Lot n° 48
Estimation :
20000 - 30000
EUR
Result with fees
Result
: 31 200EUR
Jean-Henri RIESENER (1734-1806) or his workshop - Lot 48
Jean-Henri RIESENER (1734-1806) or his workshop
Commode au chiffre de la Reine, three-quarter view, project for the Château de Versailles.
Watercolor, pen and black ink over black pencil lines. Circa 1783
24.5 x 36.2 cm
Scale in black pencil on the left and seat line at the bottom. Annotated at the bottom in the cabinetmaker's hand, in pen and brown ink: "comode de vieux lac de 4 pied 6 po de large sur 3 5 pe. de haut. "
On "VI" watermarked paper.

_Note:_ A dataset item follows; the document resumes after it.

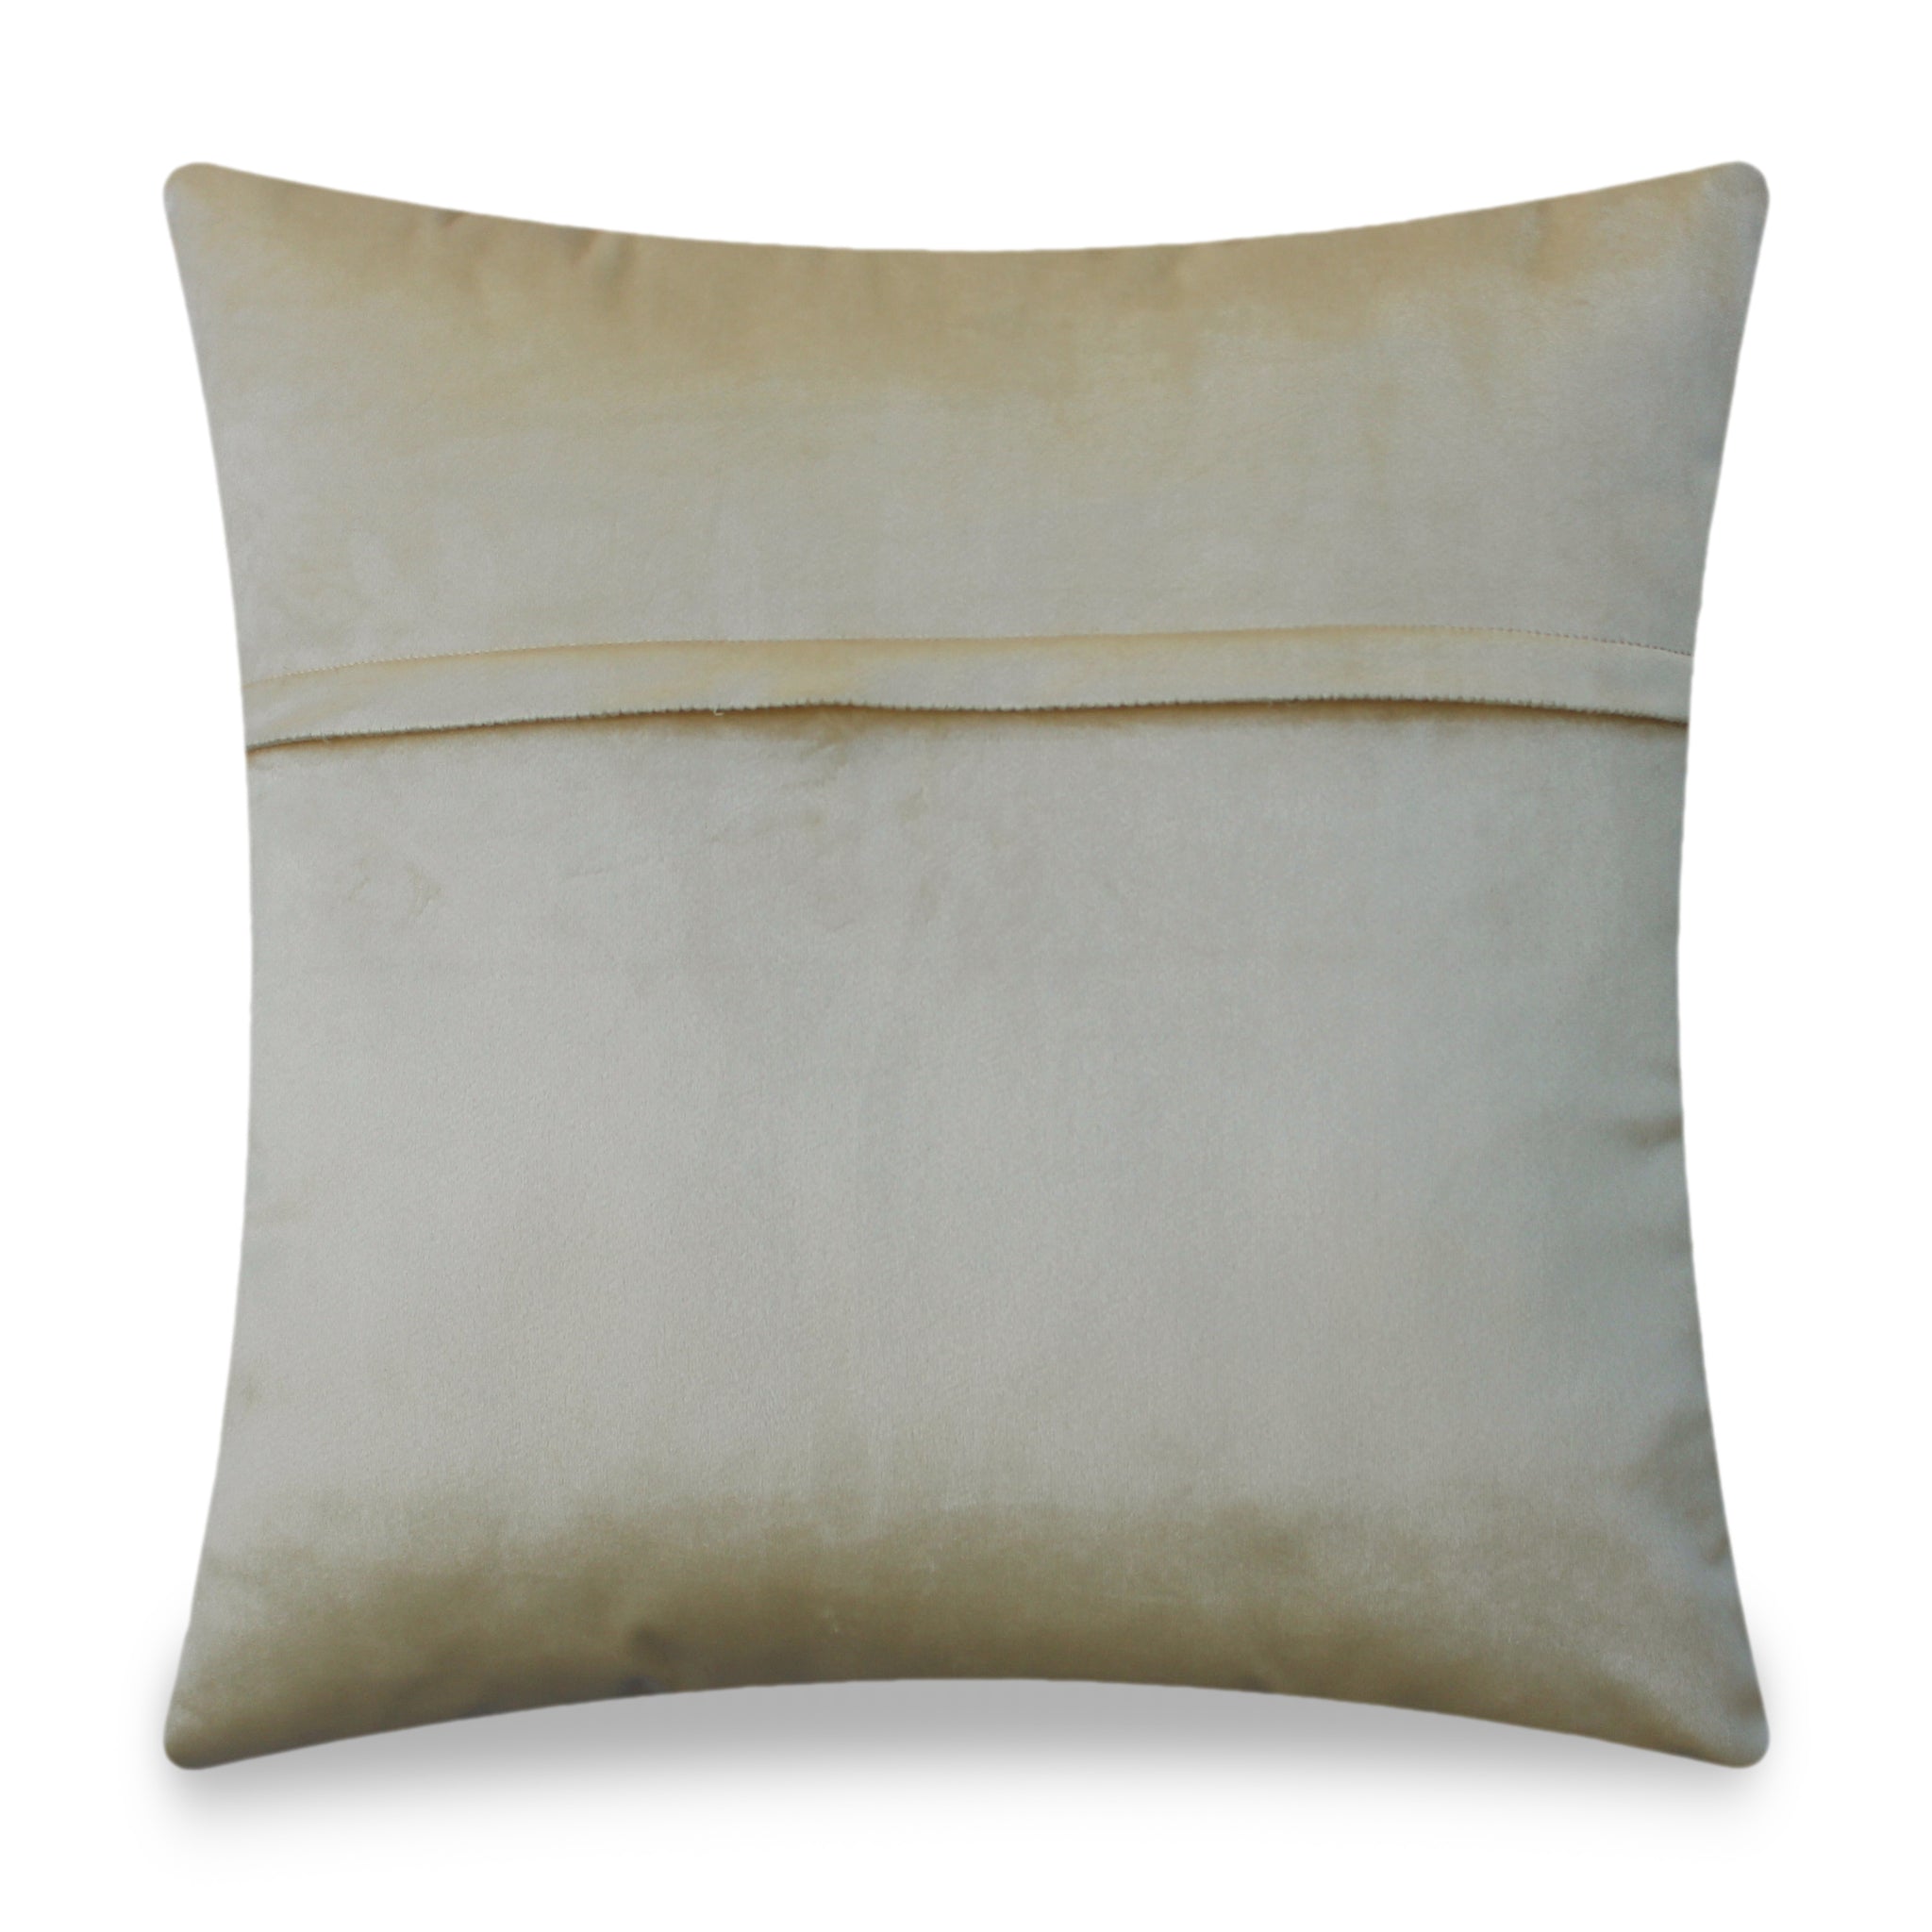 Orange Velvet Cushion Cover, Hermes Inspired Horse Printed Decorative Pillow, Vintage Home Décor Throw Pillow Cover,  45 x 45 CM

Formerly folded in quarters.
This drawing represents Queen Marie Antoinette's commode, made in 1783 for the Queen's small apartments at Versailles (cabinet doré), en suite with a matching secretary. This furniture was moved to Saint Cloud in 1788, where the Sovereign took her favorite pieces. In Japanese lacquer, richly mounted with chased and gilded bronzes, bearing the MA monogram on the central drawer, the following drawings are, unlike the serre bijoux presented earlier, working drawings, precisely reproducing the lacquer and bronze motifs of the extant furniture now on display at New York's Metropole Museum.

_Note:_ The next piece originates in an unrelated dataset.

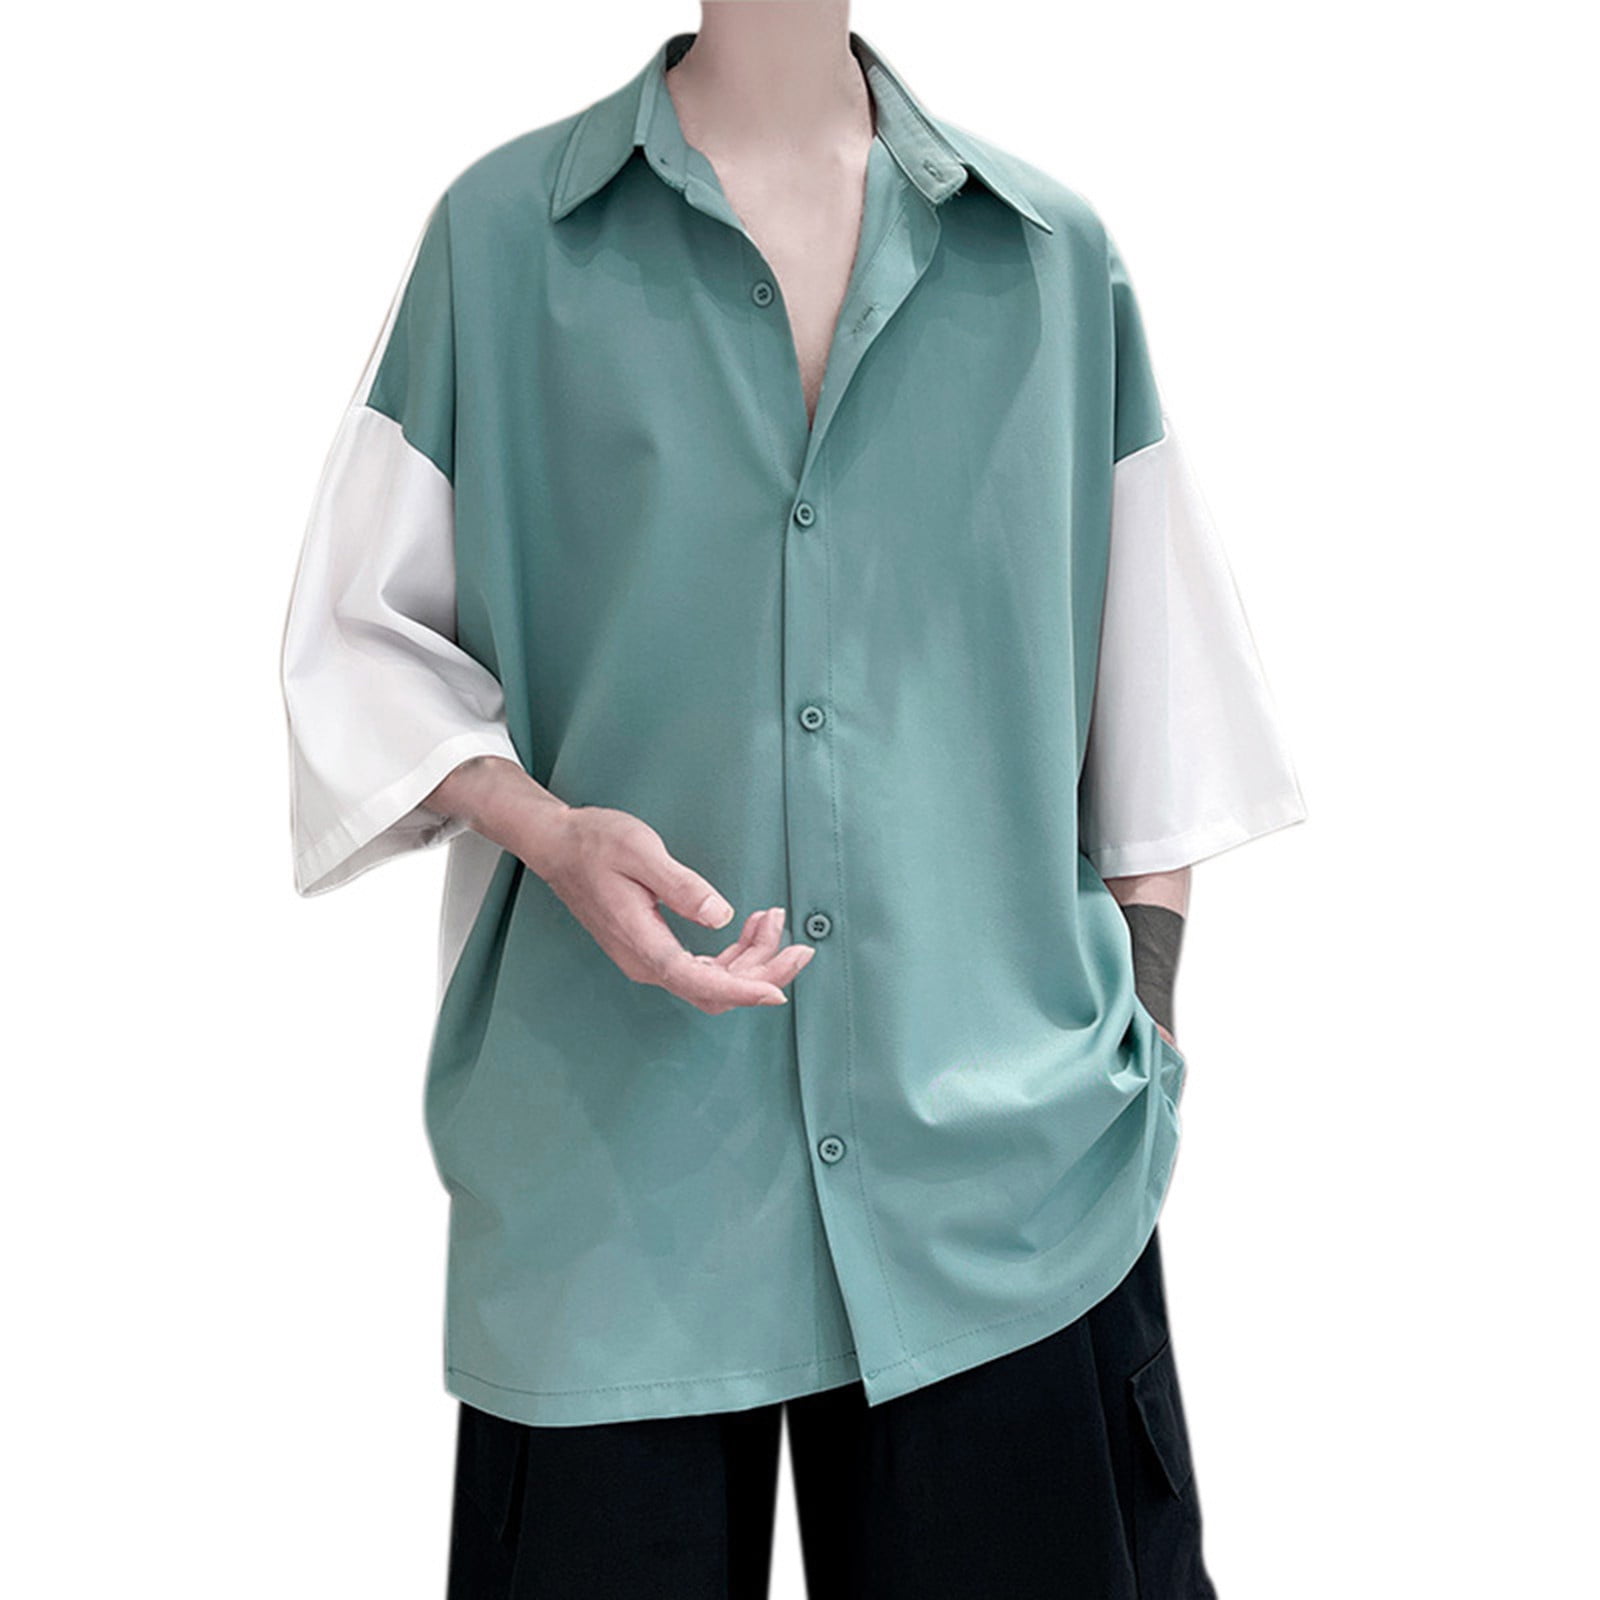 adviicd Shirts for Men Short Sleeve Shirts Casual Button Down Shirts ...

Successive owners : Abraham Alcan , supplier to the Rhine-Moselle army, between 1795 and 1797, who is said to have bought them for 8,000 livres at the St Cloud furniture sales in 1794-1795, then Riesener, who must have bought them from him, since he owned them in 1798. The furniture went to England in 1811 (William Beckford), then to the collection of George Watson Taylor and that of the Duke of Hamilton in 1832. William Kissam Vanderbilt acquired them in 1882 and donated them to the MET in 1920.
Riesener is known to have designed his own furniture; his portrait by Vestier (Musée de Versailles) shows him with pencil in hand, furniture drawings scrolled across the table beside him. The title is in Riesener's hand and the drawing is probably the same. This very precise drawing appears to be a ricordo made in Riesener's own hand from the furniture in his possession, at the time of writing the letter to Guillemardet.
The work remained in the cabinetmaker's archives until he bought some of his furniture at the revolutionary sales, and sought to negotiate it with the Spanish Court in 1798, through Ferdinand Guillemardet.
Provenance: Guillemardet family by descent to this day.